If you have a hammer, you might see everything as nails.
But I'm afraid stem/suffix parsing issue is too complex a thing to be a
nail.
Principal weakness of regular expression is that it can't handle
conditionals.
Paul D - 26 Aug 2006 12:01 GMT
> duffy.paul@comcast.net のメッセージ:
>
[quoted text clipped - 39 lines]
> Principal weakness of regular expression is that it can't handle
> conditionals.
Thanks, I added conditionals for a few of the more common cases and it
works MUCH better. Still have a few unintentional matches: 'moth'
matches 'mother'. Breaking up the big regex into smaller pieces also
made if faster.
Paul D - 26 Aug 2006 16:52 GMT
>> duffy.paul@comcast.net のメッセージ:
>>
[quoted text clipped - 45 lines]
> matches 'mother'. Breaking up the big regex into smaller pieces also
> made if faster.
Actually, just testing that the search term and the candidate target
have the same Porter stem gives me what I need.
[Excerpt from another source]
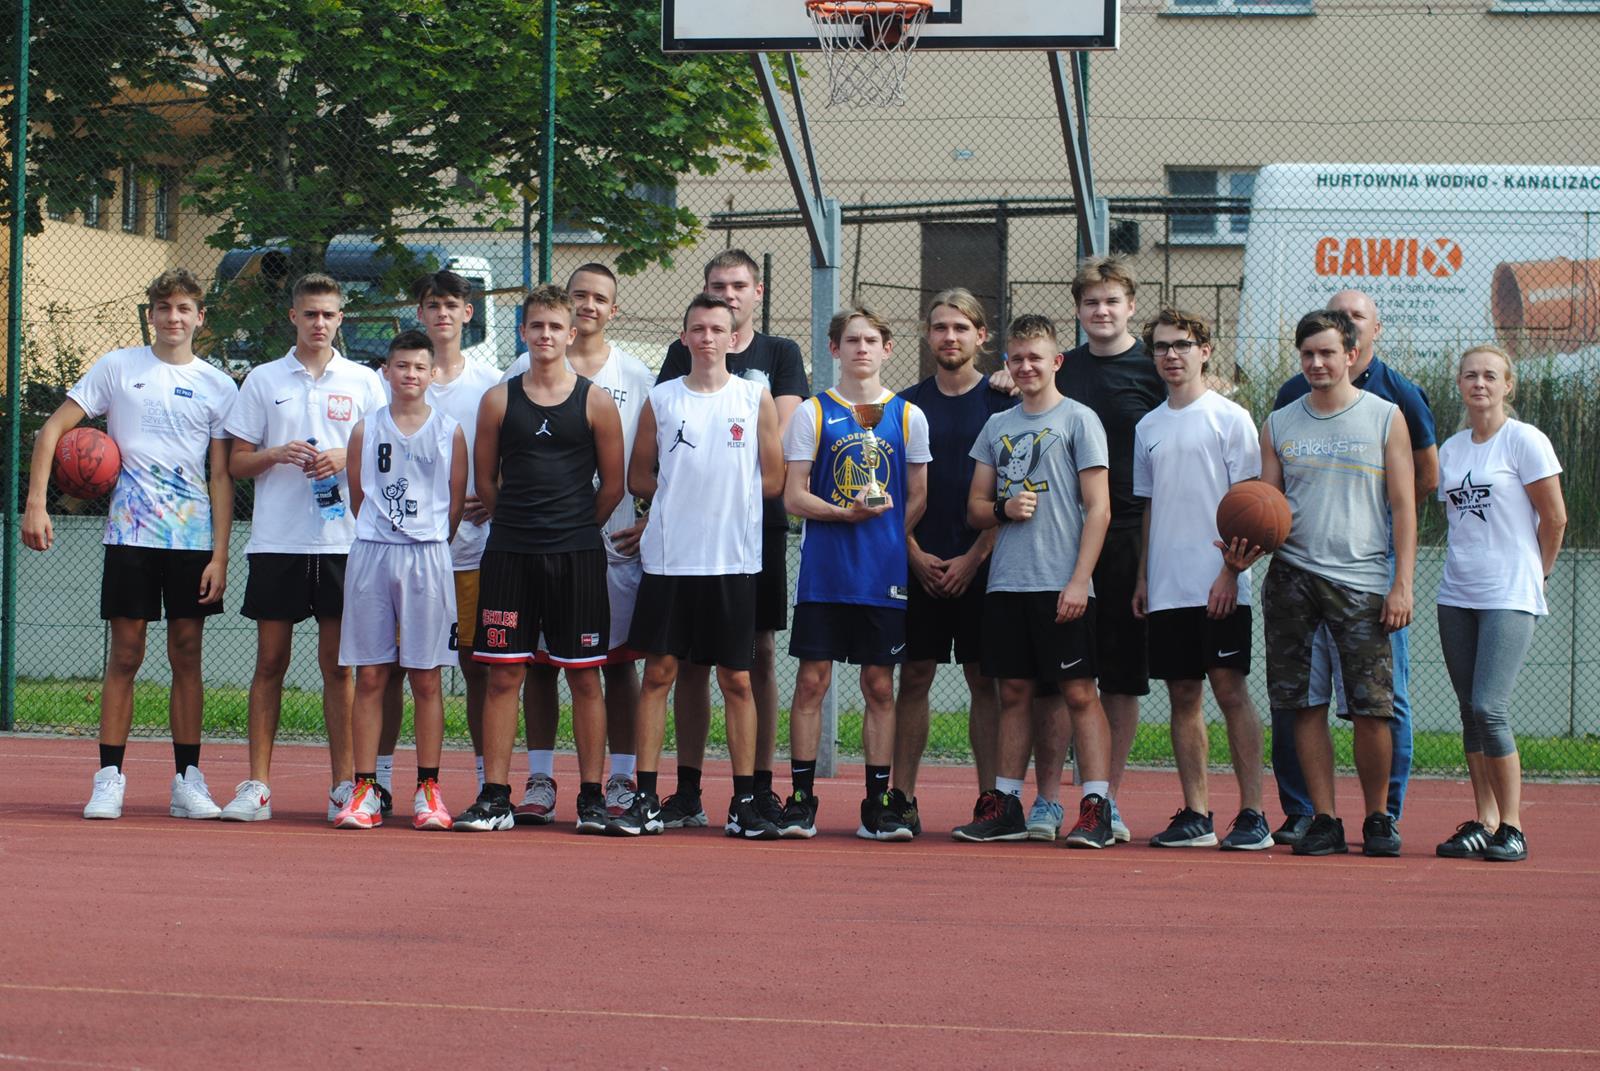 """Pleszew. Turniej koszykówki 3X3 """"Pożegnanie Lata"""" o Puchar Starosty Pleszewskiego [ZDJĘCIA] - Zdjęcie główne"""

The stems of mother and
moth are not the same.
Then the long regex can be replaced by a much fuzzier one:
"\\b"+item+"{0,1}[a-z]{0,10}\\b"
Chris Uppal - 26 Aug 2006 10:00 GMT
> I need a regular expression that will match a word stem to that stem
> PLUS all common suffixes.
Then you are out of luck...
Stemming is a complex, and highly heuristic, algorithm and is not a suitable
application for regexps. (Indeed, very little /is/ a suitable application for
regexps -- I wish they had never been added to the standard library).
-- chris